**RECORD SET**

□ □ □

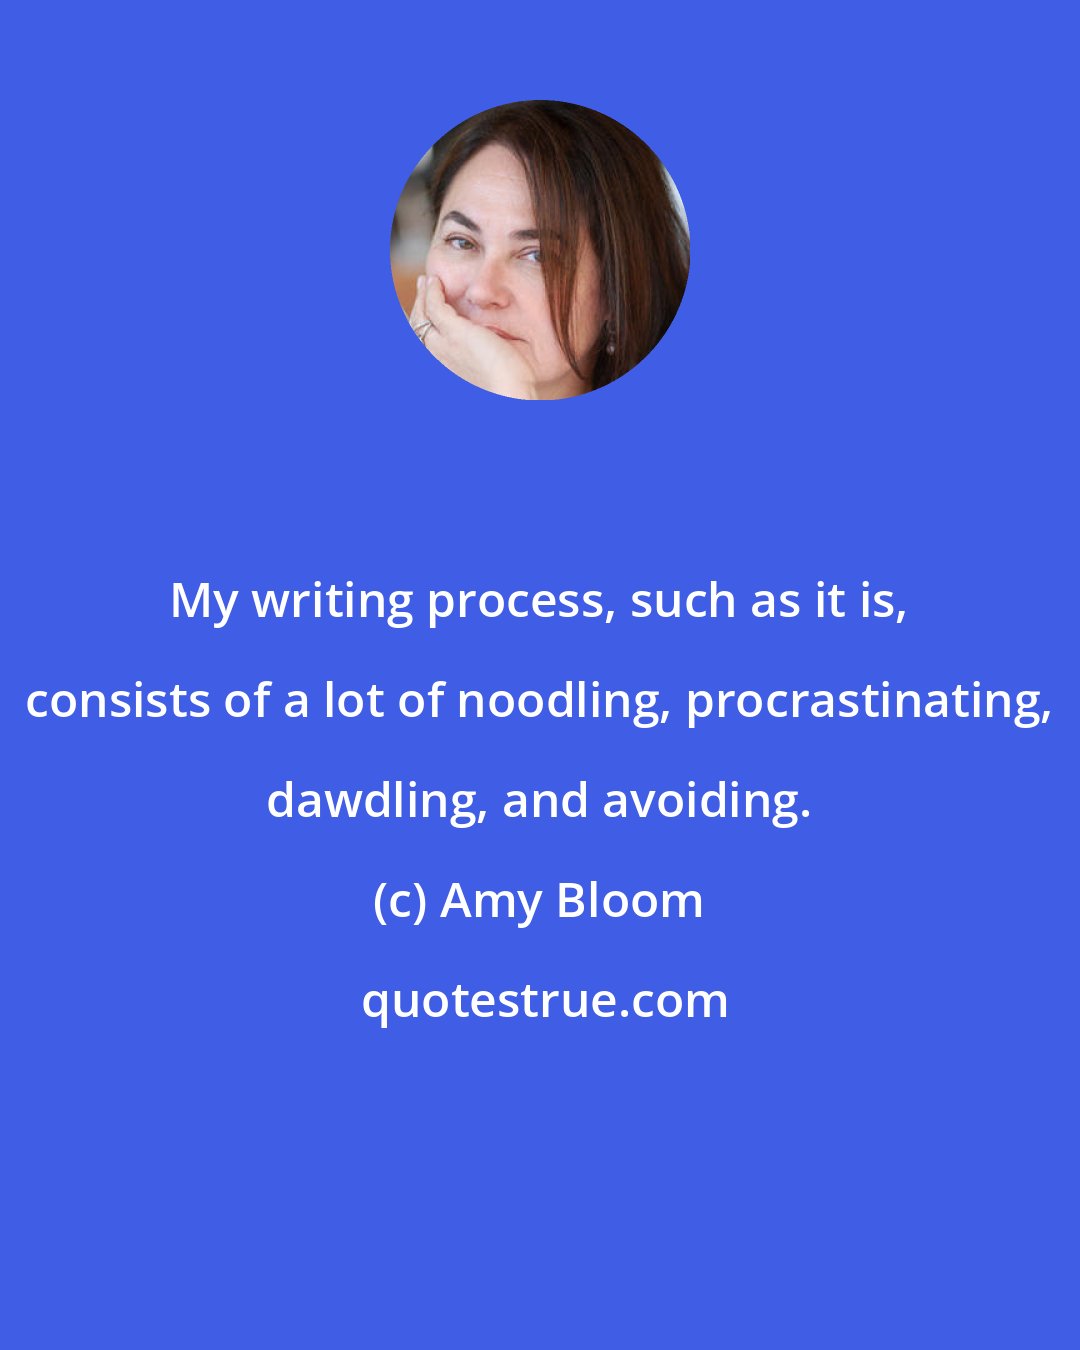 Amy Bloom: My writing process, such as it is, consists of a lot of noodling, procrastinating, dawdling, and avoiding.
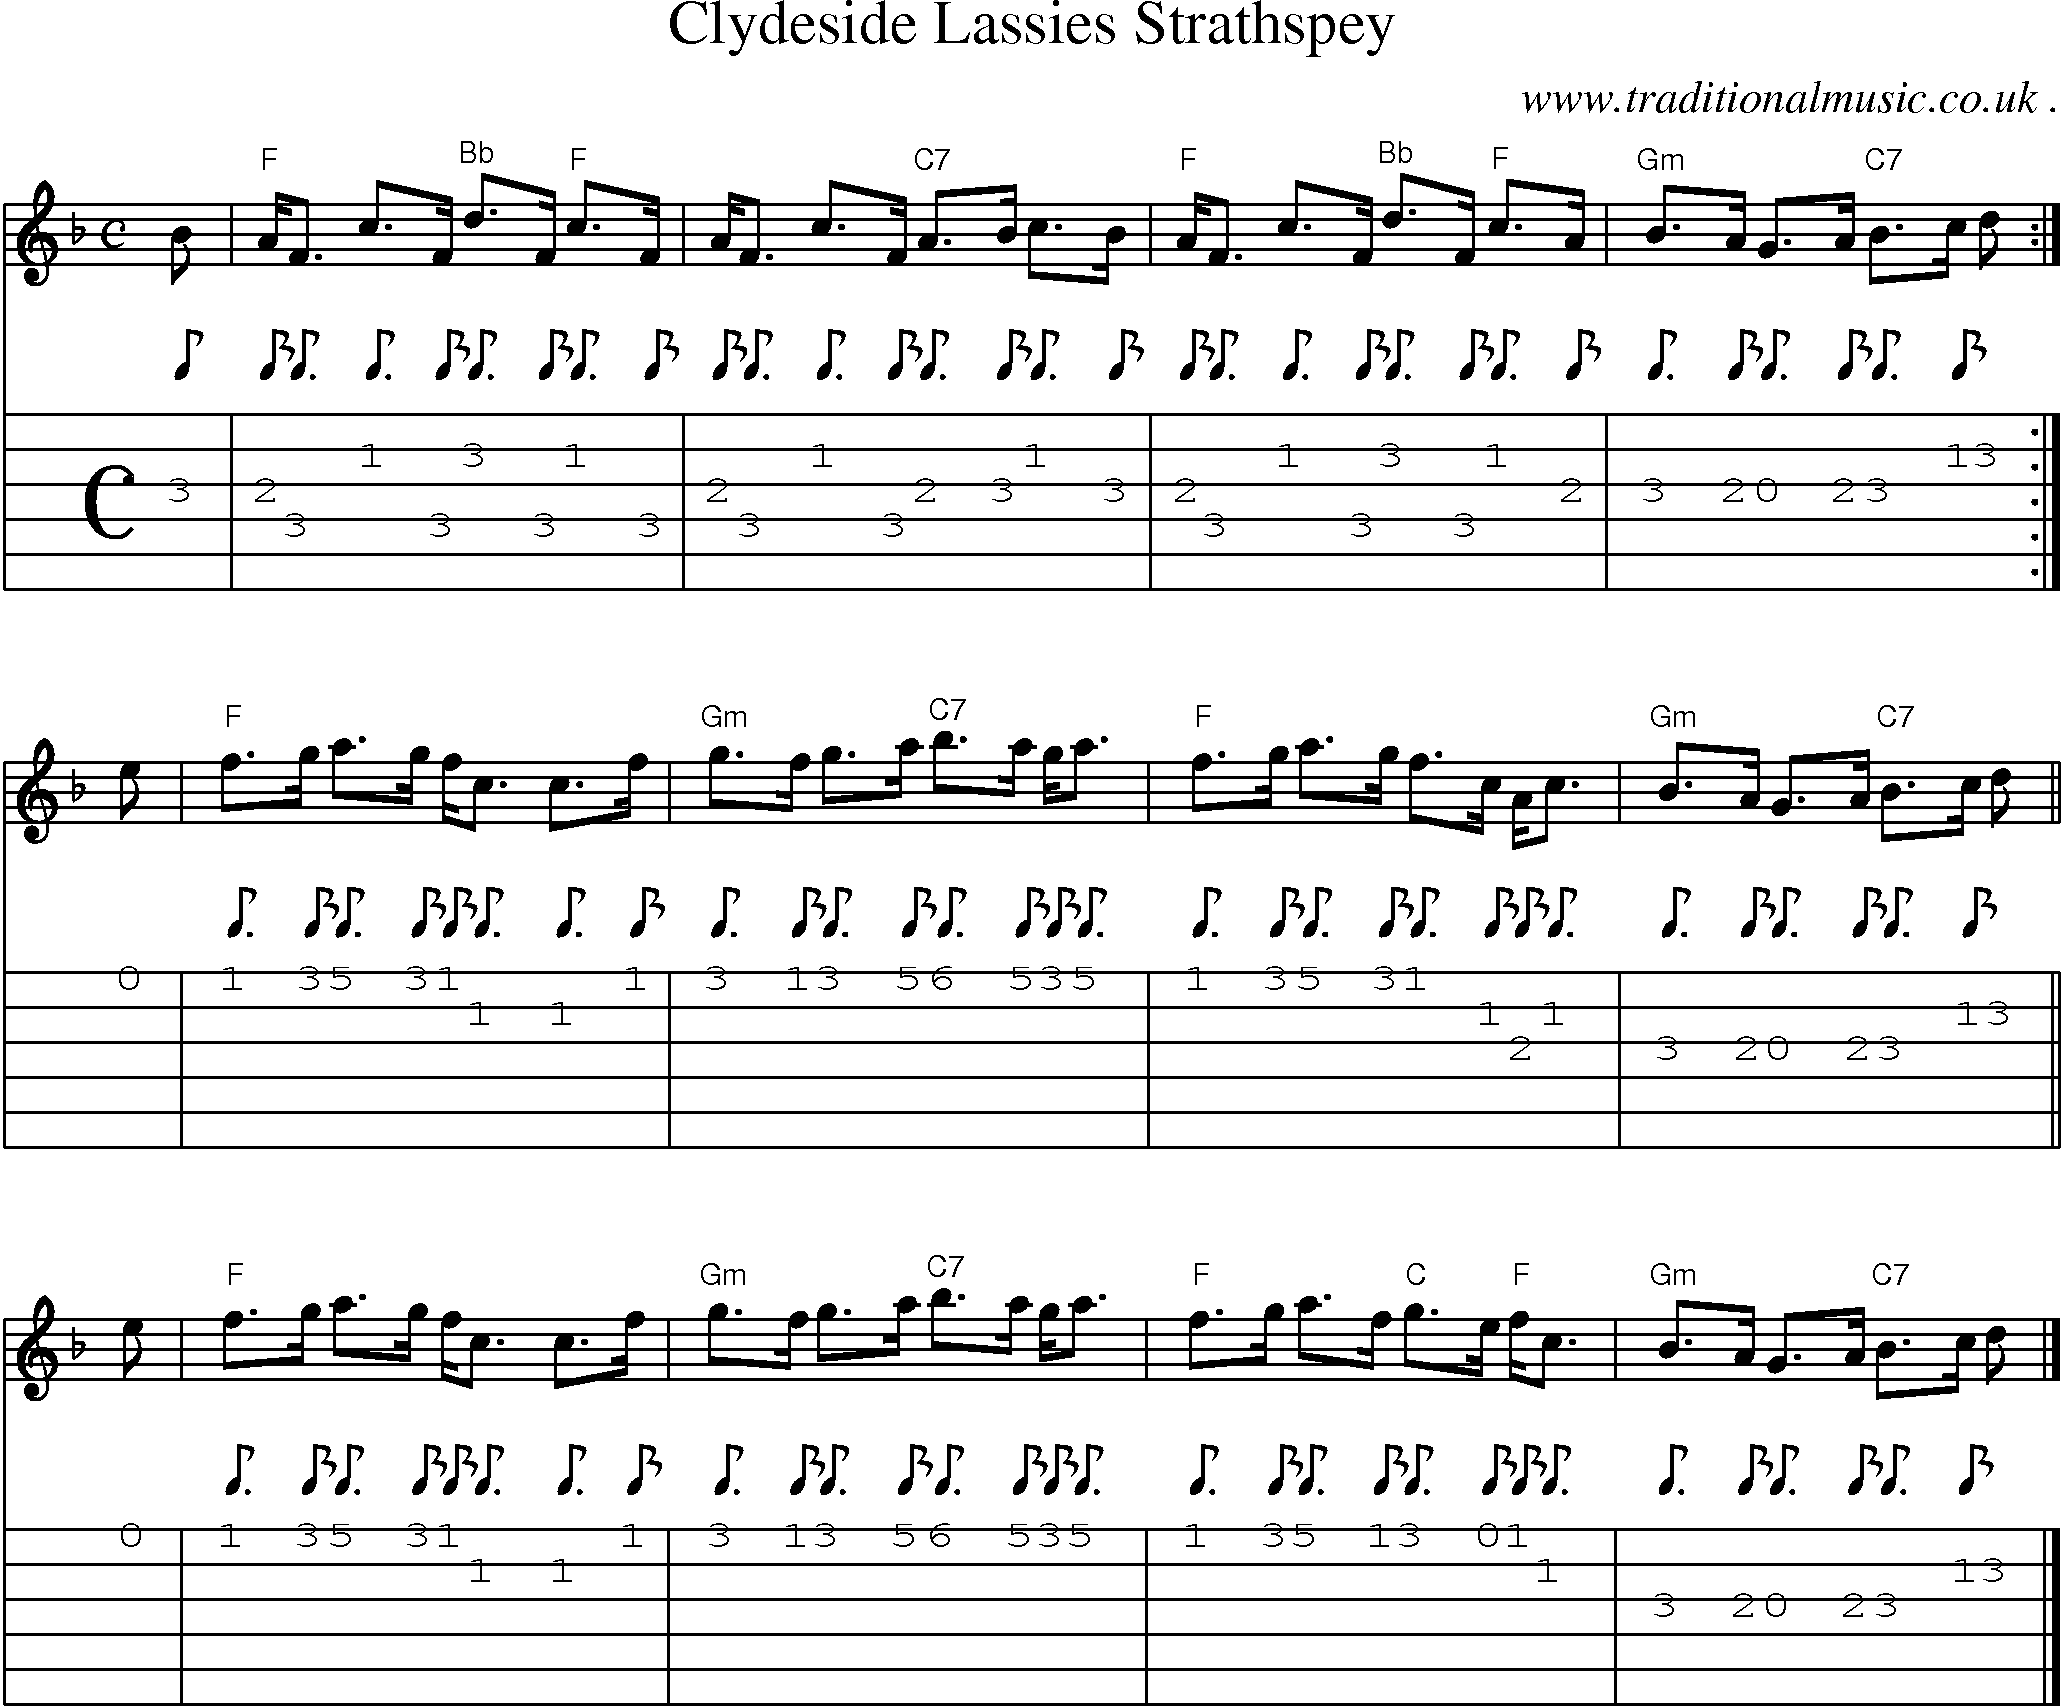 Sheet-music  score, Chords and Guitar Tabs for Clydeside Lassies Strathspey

□ □ □

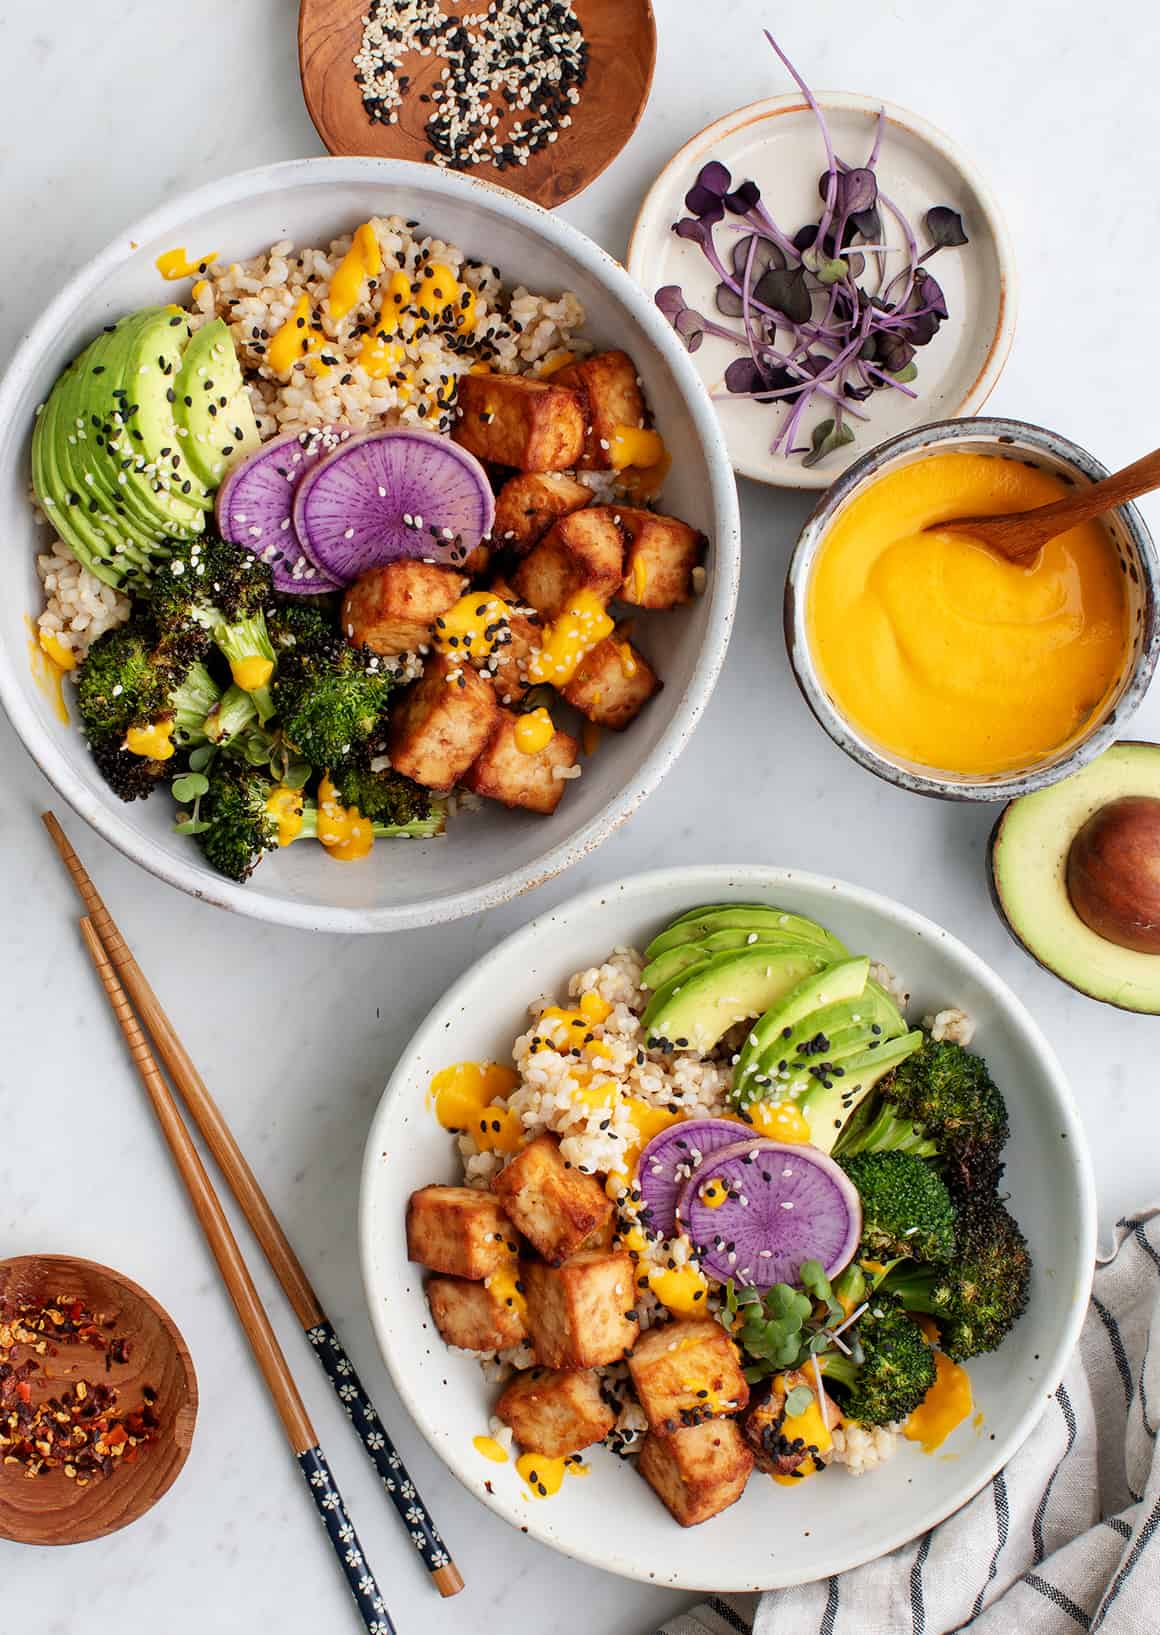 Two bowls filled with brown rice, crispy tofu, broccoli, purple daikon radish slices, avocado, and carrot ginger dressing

□ □ □

**TASK BRIEF**
Reproduce the data above exactly, but only from the line containing "Amy Bloom: My" through the line containing "Clydeside Lassies Strathspey". Omit all pictures.

**RESPONSE AREA**
 Amy Bloom: My writing process, such as it is, consists of a lot of noodling, procrastinating, dawdling, and avoiding.
 Sheet-music  score, Chords and Guitar Tabs for Clydeside Lassies Strathspey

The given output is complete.